Batch File Finds Out Who RDPed the Server


Administrators and privileged users often use RDP client software such as Remote Desktop to access a server to perform tasks and troubleshoot problems. When doing so, it's difficult to pinpoint the last actions that were applied to the server. However, if you know which administrators and privileged users recently logged on to that server, you can contact them to find out this information. I've come up with a batch file—RDPLogon.bat—that lets you quickly identify those people.

Here's what you need to do:

  1. On your server, create a folder named RDP on the C drive (C:\RDP). For the batch file to work, the Remote Desktop Users group must have permission to write to this location. (It's assumed that the people who use RDP to access servers from remote machines are either administrators—who by default have RDP permission—or members of the Remote Desktop Users group.)
  2. Create a batch file that contains the code shown in Listing 1. Alternatively, you can download RDPLogon.bat by clicking the Download the Code Here button. Note that your server needs to be using the default RDP port (port 3389) for RDPLogon.bat to work.
  3. Place the batch file in the C:\Documents and Settings\All Users\Start Menu\Programs\Startup folder on the server.

Listing 1: RDPLogon.bat

@Echo off

Echo %date% %time% %username% >> c:\RDP\RDPlog.txt
Netstat -n -p tcp | Find ":3389" >> c:\RDP\RDPlog.txt
Echo==================================================================  >> c:\RDP\RDPlog.txt

RDPLogon.bat captures information about each person who logs on to the server and appends that information to an output file named RDPlog.txt, which resides in C:\RDP. By looking at the RDPlog.txt file, you can identify the administrators and privileged users who logged on recently and which machines they used for that logon.

Figure 1 shows sample output from RDPLogon.bat.

This output contains information about three logons. (For easier reading, the batch file puts a dashed line after each logon entry.) The first line in each entry shows when the logon occurred (date and time) and by whom (user's domain ID).

You can find out where each logon occurred by looking at the second line in each entry. The information in this line is obtained using the Netstat command.

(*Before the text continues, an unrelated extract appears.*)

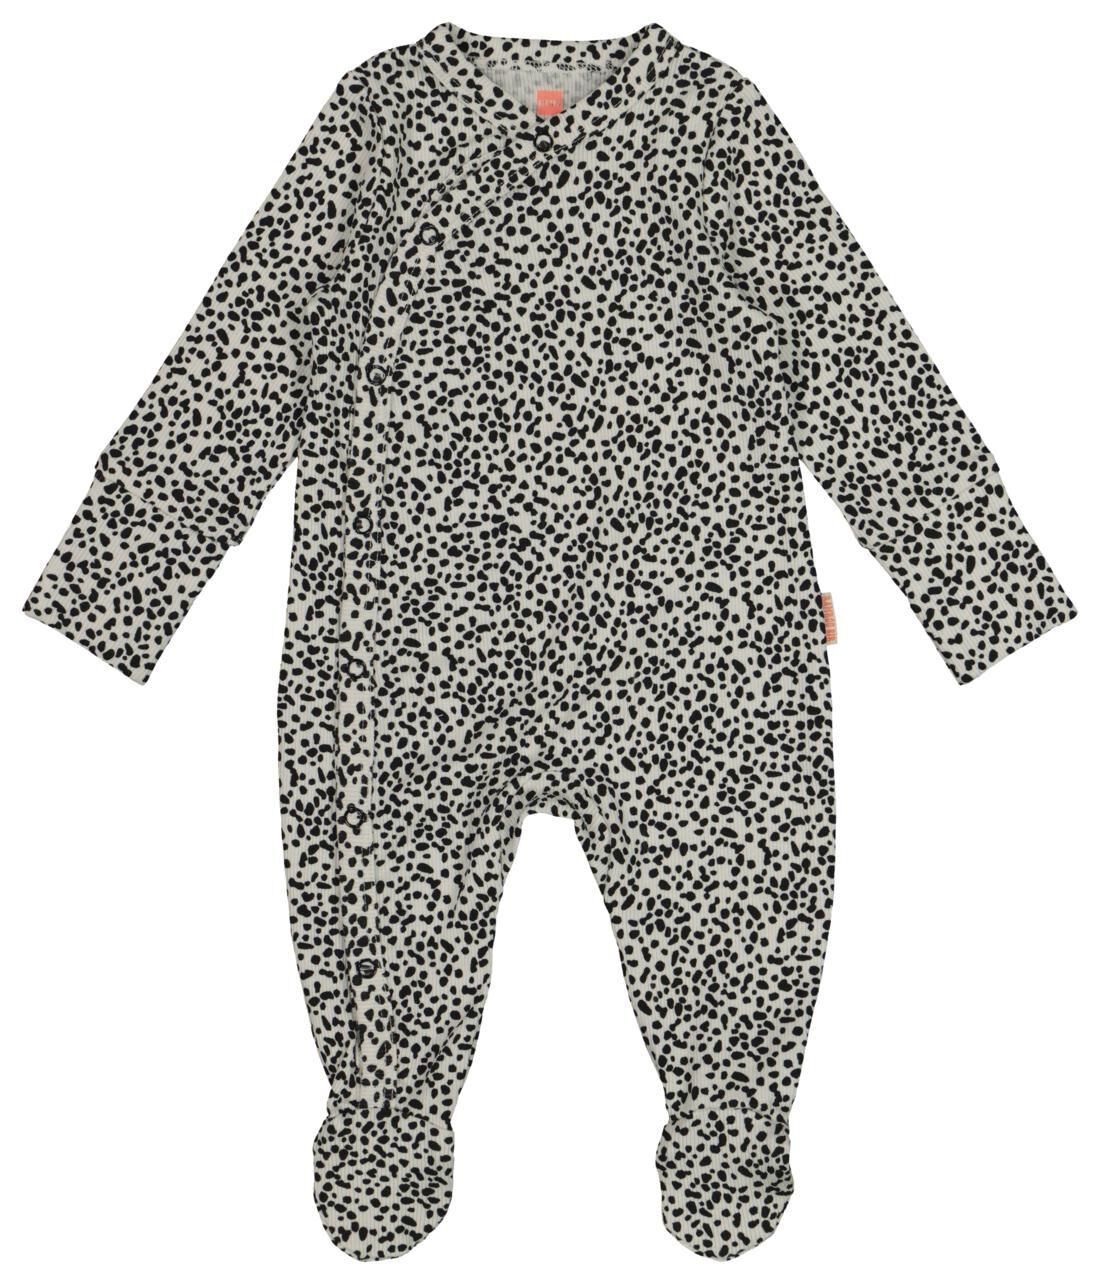 HEMA Newborn Jumpsuit Met Bamboe Zwart (zwart)

The second string of numbers, which I highlighted in yellow in Figure 1, shows the IP address and RDP port number of the remote machine used for the logon. (The first string of numbers is the server's IP address and RDP port number.) If an entry is missing the Netstat results, like the last entry in Figure 1, it means that the logon was done from the physical server console.

RDPLogon.bat is a simple tool that you can use to quickly identify the administrators and privileged users who recently logged on to a server. Armed with this knowledge, you can contact them to find out the last actions they performed on the server. This is much faster than looking through and trying to decipher huge event logs to find the last actions. Note that this tool is meant for environments in which administrators and privileged users are cooperative, since they could conceivably delete their logon entries if they know the RDPlog.txt file exists and want to hide their actions.